British Prime Minster Theresa May said on Friday that she will quit as leader of the Conservative party on June 7, paving the way for the process of electing her successor.
"I am today announcing that I will resign as Conservative leader on Friday 7 June," she said. "I have agreed with the party chairman that the process for electing a new leader will begin in the following week."
Ahead of announcing her resignation, May held a private meeting with Sir Graham Brady, chairman of the 1922 Committee, a body that represents Conservative backbench MPs in the House of Commons.
The timetable announced by May means she will still be in office next week when U.S. President Donald Trump will pay a state visit to Britain. She will also take part in commemorations in Britain and France to mark the anniversary of the D-Day landings that paved the way for the end of World War II.
It could be July before May hands over the keys to 10 Downing Street.

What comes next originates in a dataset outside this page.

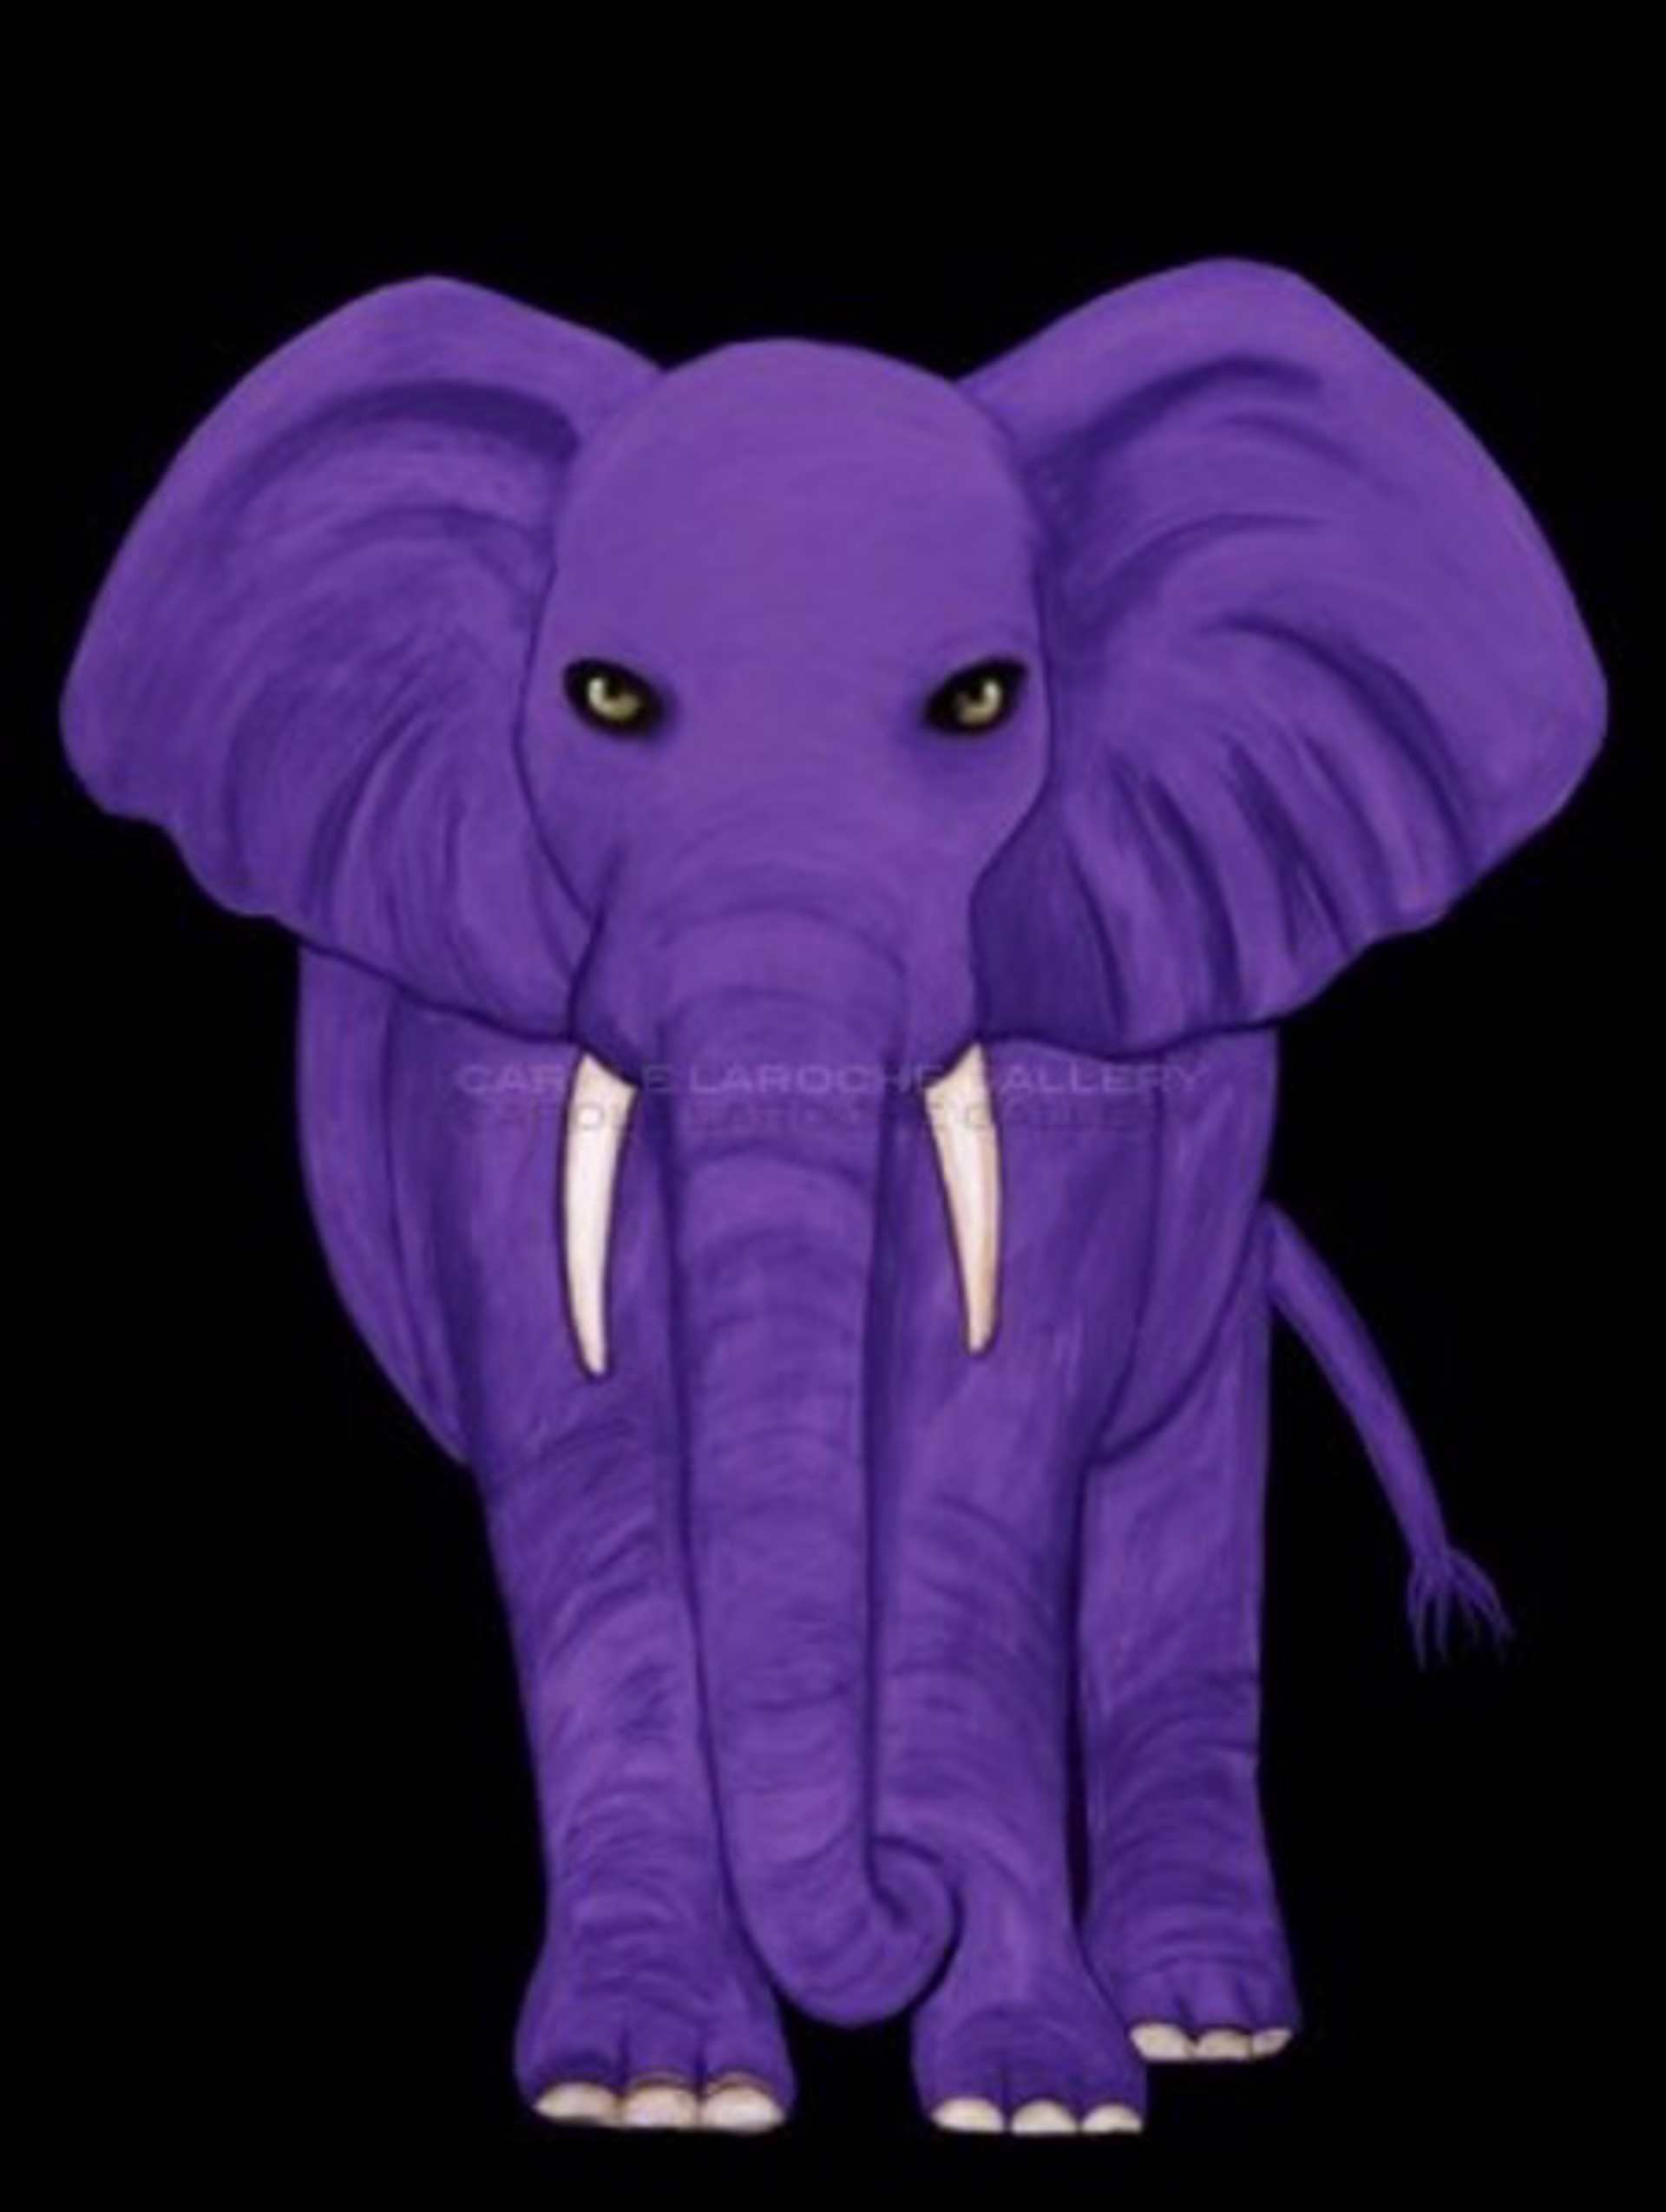 Purple Elephant by Carole LaRoche

A number of senior ministers have already indicated their intention to join the race, which is expected to start on June 10, to choose her successor as leader of the Conservative Party.
Among the potential candidates, former Foreign Secretary Boris Johnson, who also served two terms as Mayor of London, has emerged as the most competitive to succeed May as prime minister.

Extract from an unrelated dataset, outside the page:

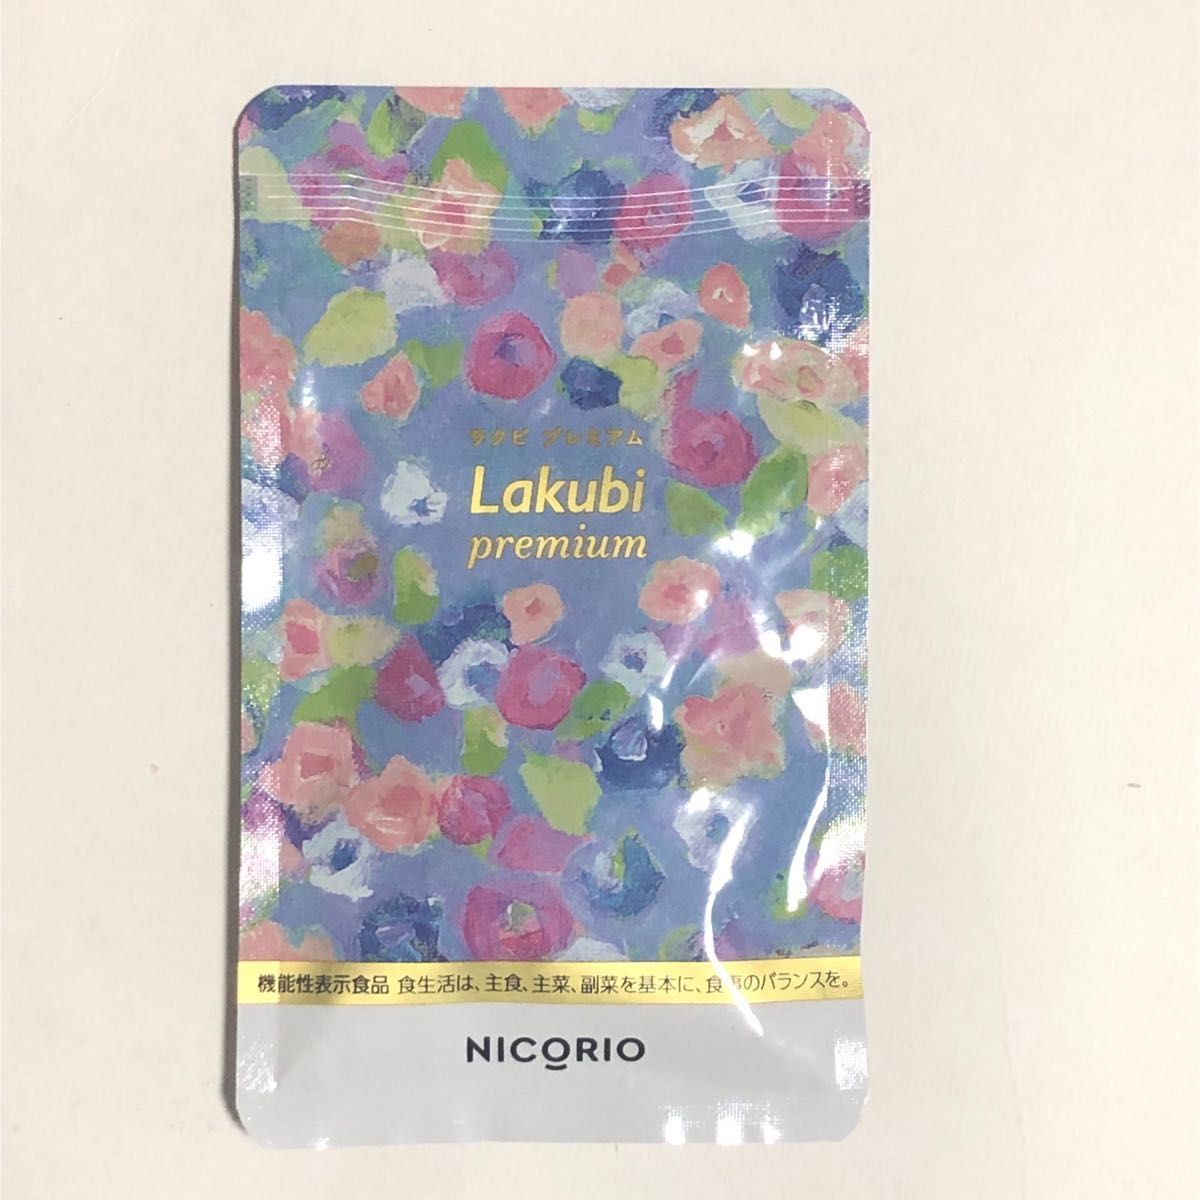 ニコリオ NICORIO○ラクビプレミアム~Lakubi premium~ 
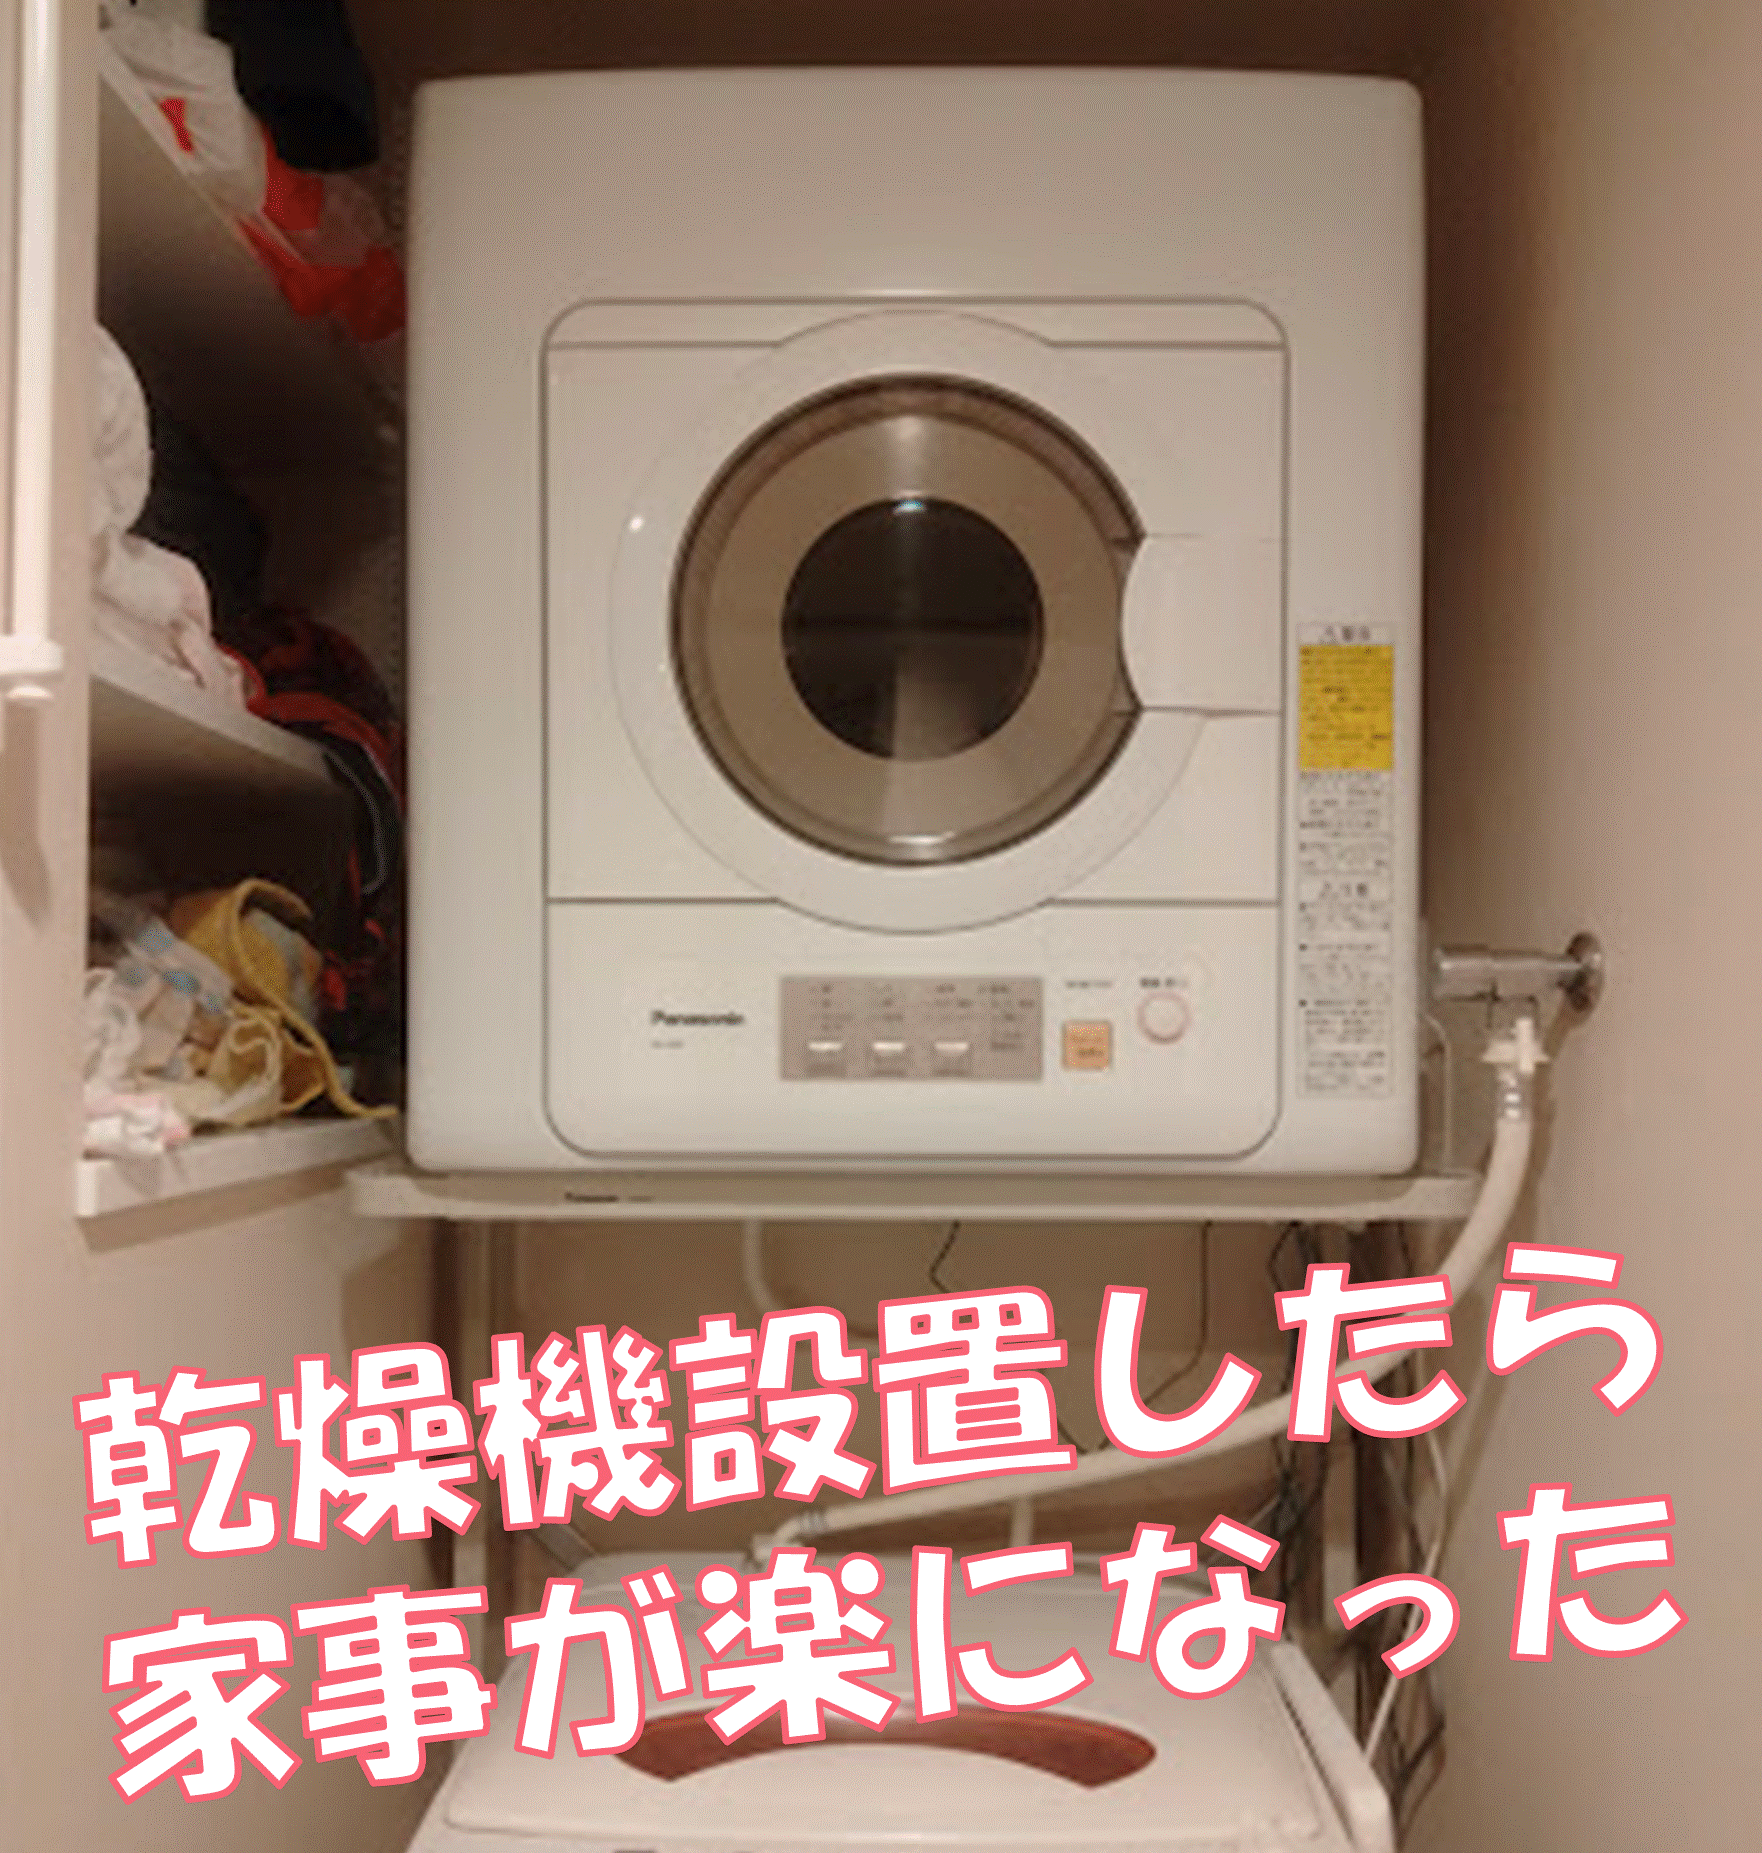 パナソニック 衣類乾燥機用 自立スタンドPanasonic N-UF11-S - 衣類乾燥機

May's time as prime minister has come to a crashing end over the unrest among her own MPs triggered by the Brexit withdrawal plan which she had planned to announce today.
May postponed the announcement of her withdrawal plan after senior ministers told her they would not support it.
Her resignation comes against the backdrop of her failure to win parliamentary support for her Brexit plan, which has seen Britain remaining as a member of the European Union just weeks away from the third anniversary of the 2016 referendum when voters chose to leave the bloc.
The task of finding a way out of the Brexit deadlock will go to her successor.